La vista de Gema se acostumbró a la luz y trató de descifrar el rostro de aquella persona. ¡Se trataba del hombre del collar! Su mandíbula ancha, cabello negro extremadamente lacio y ese peinado tan prolijo… ¡Estaba segura que era él!

Se encontraba tan nerviosa que sus labios temblaban y ya no sentía los nudillos por lo fuerte que sus pequeñas manos apretujaban la mochila.

—No es asunto tuyo, viejito. —Uno de los asaltantes la tomó por la cintura y ella de nuevo cerró los ojos aterrada, rogando por ayuda en sus pensamientos al bendito San Pedro.

El olor fuerte a cigarrillo que tenían impregnado en la ropa le produjo náuseas.

—Suéltala ahora o verás un jodido hoyo en la frente de tu compañero de juegos. —El hombre tomó al ladrón por el cuello y lo inmovilizó con agilidad.

Los amenazó con una pistola a ambos y de inmediato los ladrones se fueron corriendo hacia una calle oscura, tropezaban con sus pies por la prisa que llevaban.

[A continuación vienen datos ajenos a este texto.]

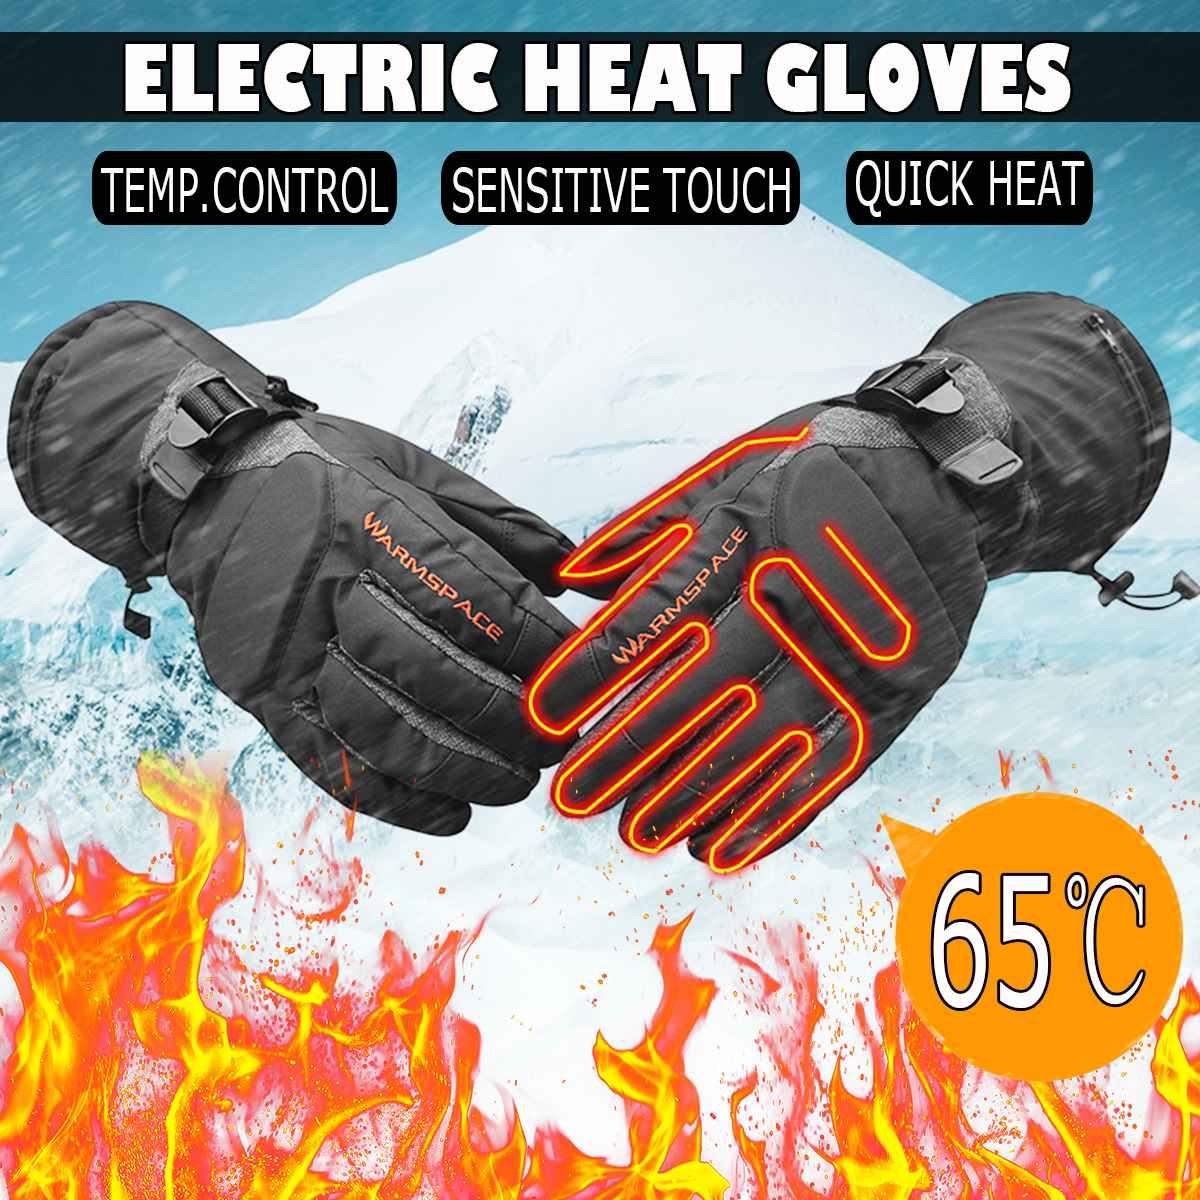 Motorcycle Waterproof Elecric Battery Heated Gloves Warm Winter Riding Ski Glove

Gema se giró hacia el hombre, con una expresión de gratitud en el rostro. La había salvado de esos tipos, se merecía que le diera las gracias por el bondadoso gesto que había tenido con ella.

—Muchas gracias, señor, me ha... —Se detuvo cuando él soltó una carcajada burlona. Frunció el ceño—. ¿Señor?

—Súbete al auto. —Guardó la pistola en su bolsillo y la observó como si estuviera a punto de agredirla.

—¿Cómo dice? —Gema dio dos pasos hacia atrás, escuchando su propia voz temblorosa.

—¡Qué te subas! —El hombre gritó con fuerza, el vozarrón que tenía invadió la calle.

Ella dio un respingo y sollozó nerviosa. Miraba como una mema la silueta y rostro de nada más y nada menos que del traidor James de Luca, solo que ella no sabía quién era, pero sí recordaba su rostro y lo que hacía ese día en el restaurante junto a la clienta molesta. Dudó varias veces en hacer lo que le pedía, pero al ver que se rascaba la cabeza con el arma corrió hacia el auto y entró sin más remedio. Por culpa de su insana curiosidad se hallaba en problemas y no estaba segura si iba a salir bien librada de ellos.